(Stored data entries)

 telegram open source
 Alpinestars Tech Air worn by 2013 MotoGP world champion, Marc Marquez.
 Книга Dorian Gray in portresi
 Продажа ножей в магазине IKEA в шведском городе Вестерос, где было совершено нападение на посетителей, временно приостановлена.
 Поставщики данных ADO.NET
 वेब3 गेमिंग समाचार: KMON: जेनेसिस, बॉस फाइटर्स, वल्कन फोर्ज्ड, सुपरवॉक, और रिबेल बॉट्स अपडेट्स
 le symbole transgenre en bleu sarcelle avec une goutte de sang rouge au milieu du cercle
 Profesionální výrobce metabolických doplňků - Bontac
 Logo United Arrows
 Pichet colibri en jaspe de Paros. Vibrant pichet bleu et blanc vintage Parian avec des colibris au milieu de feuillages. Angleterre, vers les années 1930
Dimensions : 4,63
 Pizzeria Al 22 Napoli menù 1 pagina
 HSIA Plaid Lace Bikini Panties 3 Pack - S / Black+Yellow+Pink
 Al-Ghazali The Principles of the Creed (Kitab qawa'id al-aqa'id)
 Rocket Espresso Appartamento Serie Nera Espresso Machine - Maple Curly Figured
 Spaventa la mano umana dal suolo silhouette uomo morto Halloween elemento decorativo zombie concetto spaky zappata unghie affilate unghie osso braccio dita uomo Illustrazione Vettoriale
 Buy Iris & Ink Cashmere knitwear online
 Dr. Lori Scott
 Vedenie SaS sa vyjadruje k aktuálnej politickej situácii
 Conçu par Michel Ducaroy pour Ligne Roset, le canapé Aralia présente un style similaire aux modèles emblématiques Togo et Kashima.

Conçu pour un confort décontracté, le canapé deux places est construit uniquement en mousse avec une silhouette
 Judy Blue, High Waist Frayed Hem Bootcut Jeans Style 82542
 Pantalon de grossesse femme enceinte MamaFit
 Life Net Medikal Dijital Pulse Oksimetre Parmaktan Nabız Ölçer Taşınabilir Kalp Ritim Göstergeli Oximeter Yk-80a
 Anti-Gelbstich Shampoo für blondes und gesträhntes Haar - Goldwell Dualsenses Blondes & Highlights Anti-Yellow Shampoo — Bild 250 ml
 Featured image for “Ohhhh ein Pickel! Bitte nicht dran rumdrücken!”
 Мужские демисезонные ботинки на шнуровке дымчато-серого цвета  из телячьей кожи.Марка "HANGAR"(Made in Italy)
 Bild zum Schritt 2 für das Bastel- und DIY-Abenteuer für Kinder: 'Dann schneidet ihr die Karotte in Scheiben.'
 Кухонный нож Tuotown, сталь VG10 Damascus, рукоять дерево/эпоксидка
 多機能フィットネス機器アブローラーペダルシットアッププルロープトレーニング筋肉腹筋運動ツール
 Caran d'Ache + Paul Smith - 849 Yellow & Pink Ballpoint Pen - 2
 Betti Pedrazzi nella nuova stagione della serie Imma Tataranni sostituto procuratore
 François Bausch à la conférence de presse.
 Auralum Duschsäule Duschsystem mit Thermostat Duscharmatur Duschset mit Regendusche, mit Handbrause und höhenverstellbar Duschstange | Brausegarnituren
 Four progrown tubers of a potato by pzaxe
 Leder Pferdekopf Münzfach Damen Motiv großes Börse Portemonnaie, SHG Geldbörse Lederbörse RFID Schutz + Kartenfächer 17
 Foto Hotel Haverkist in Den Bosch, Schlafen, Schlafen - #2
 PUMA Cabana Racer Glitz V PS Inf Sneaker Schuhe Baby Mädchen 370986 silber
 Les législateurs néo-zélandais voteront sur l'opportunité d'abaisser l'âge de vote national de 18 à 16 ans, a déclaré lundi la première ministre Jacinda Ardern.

**Work instructions**
The answer consists solely of the lines from the one containing "PUMA Cabana Racer" through the last line of the data above, reproduced exactly.

**Output for this task**
 PUMA Cabana Racer Glitz V PS Inf Sneaker Schuhe Baby Mädchen 370986 silber
 Les législateurs néo-zélandais voteront sur l'opportunité d'abaisser l'âge de vote national de 18 à 16 ans, a déclaré lundi la première ministre Jacinda Ardern.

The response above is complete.